Home Views A Second Chance 

A Second Chance 

By Amanda J. Setto, OD, of Los Angeles, California

While volunteering at UCLA, I never thought I would one day be a patient there. My plan was to become an optometrist. However, amidst the volunteering, school applications and interviewing, I began to experience random symptoms such as constant itching and abdominal distention. Of course, I started to worry. What could be causing this?

After spending hours browsing the web, I had come to the conclusion that I could have liver cirrhosis. At the time, I had also gotten my acceptance letter from Western University of Health Sciences College of Optometry. I was excited but worried about my health. Within days, jaundice kicked in and I was admitted quickly through the ER. Unfortunately, my suspicions had been correct. My liver was failing rapidly from a rare autoimmune disease called primary sclerosing cholangitis. This devastating disease occurs to five percent of patients with ulcerative colitis, a condition I’ve dealt with since the age of 9.
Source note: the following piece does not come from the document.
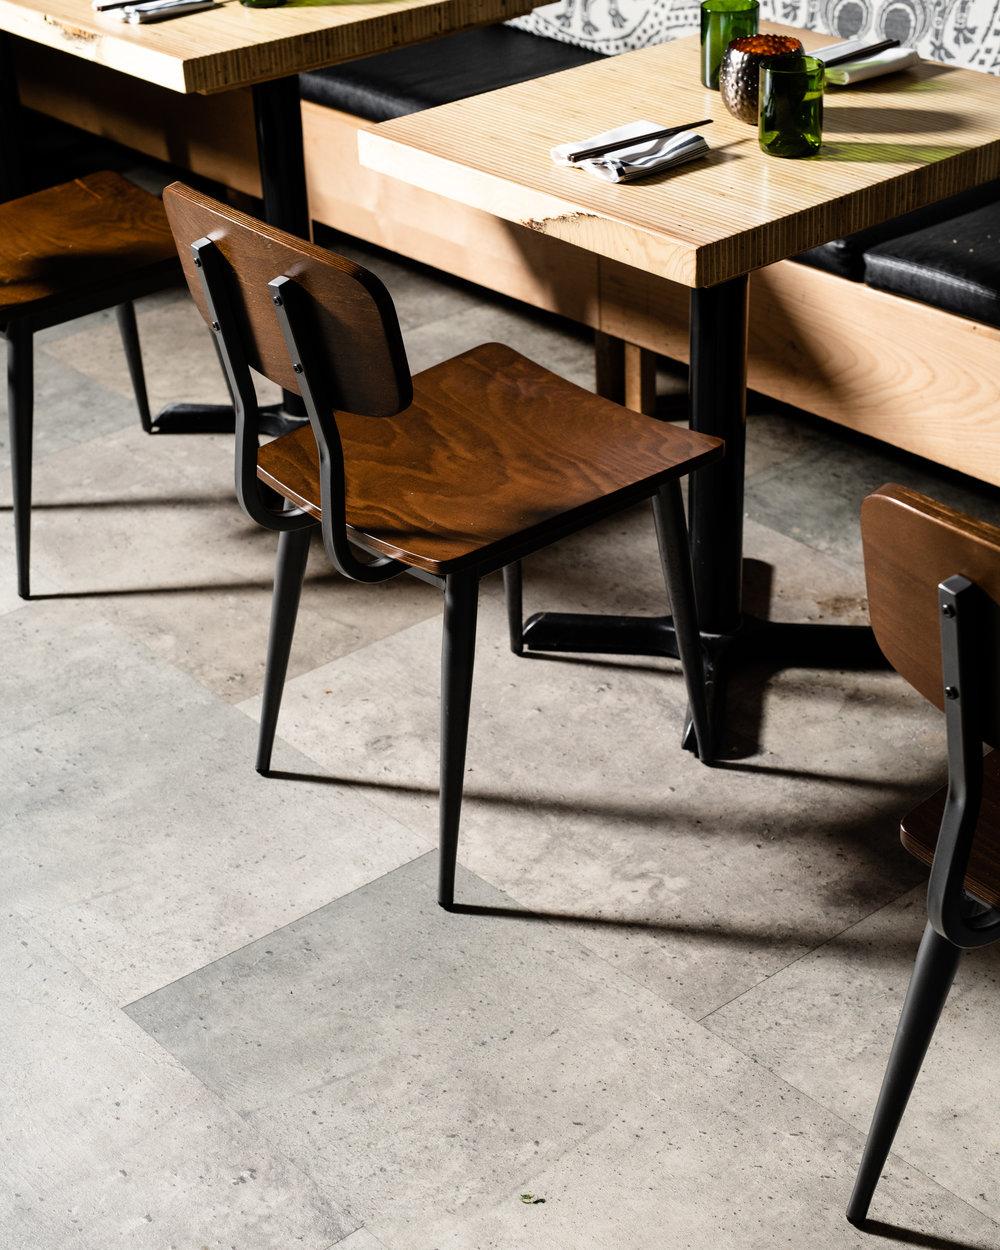 Sticks & Stones - New Chairs - 0322.jpg

With a liver transplant as the only possible cure, I was placed on the waiting list at UCLA’s Ronald Reagan Medical Center. Paradoxically, the sicker a patient on the organ transplant list becomes, the quicker the patient moves to the top of the priority list. Somewhere along my increasing hepatic encephalopathy and kidney failure, I fell into a coma for two weeks. With just 24 hours left to live, I finally received a liver transplant on April 1, 2011. It was a miraculous yet tragic gift that I think of every day. I got a second chance, but another family had to deal with the grief of losing a loved one. I can never thank my organ donor in person, but I hope I can make her proud of the life she’s given me.

Even after transplant, I had a multitude of complications and surgeries (nine total) including a month-long fever and infection, pulmonary embolism, tracheostomy, kidney failure and total muscle loss. I had to relearn everything… how to breathe on my own without a ventilator, how to sit up, talk without a trach and walk on my own. It was like I had been reborn and everything was new to me.
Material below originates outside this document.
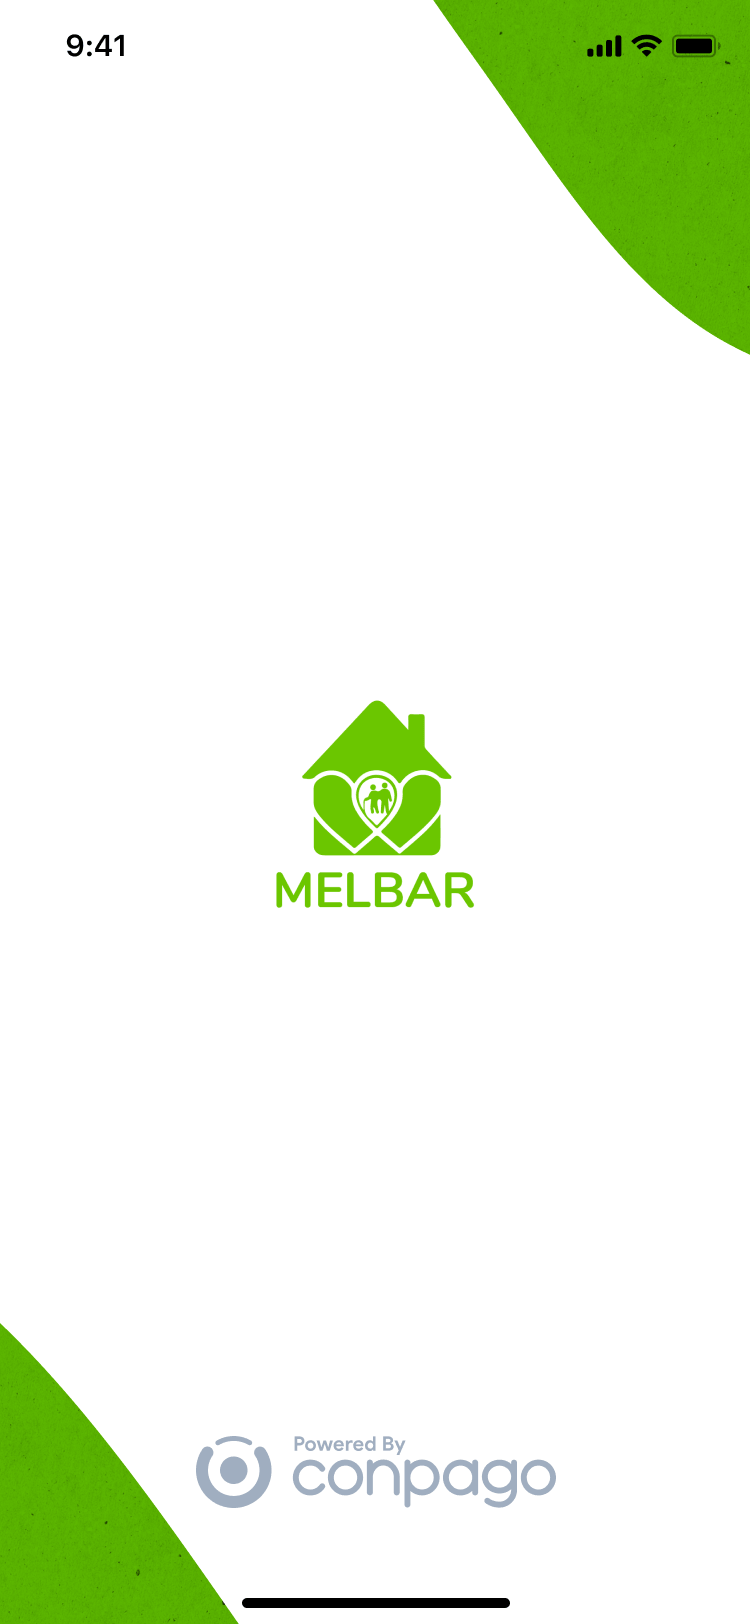 Melbar

Dr. Setto with her mom at her Western University of Health Sciences College of Optometry graduation

My aunts, uncle, cousins, friends and even my new UCLA family of nurses, care providers and doctors gave me constant support. But what really got me through my total of nine months in the hospital was my mom. She stayed with me every single day and every night. She slept on chairs and makeshift beds just to be by my side. I don’t think I would be here without my mother’s calming voice, her soothing nature, her patience and her strong belief that I would conquer it all.

After the hospital stay, I spent one year at home recuperating. Luckily, Western deferred my acceptance and I was able to start school in 2012. Optometry school is a difficult academic endeavor, but it challenged me mentally, emotionally and physically. However I had come too far to simply give up. Whenever I doubted myself, I would always say, “I survived a liver transplant; I can survive this.” That motto got me through school and definitely gets me through difficult times.

Now, I work at a local community health center, Clinicas Del Camino Real, Inc., helping the underserved and economically disadvantaged. I’m also helping my mom through her battle with ocular melanoma; I discovered it in time, but it’s been a tough journey.

This year marks nine years since my transplant, and I am so thankful to be where I am today. I wouldn’t be a walking miracle if it wasn’t for my health care heroes, the unending support of my family and friends and, most importantly, my organ donor who gave me a second chance at life!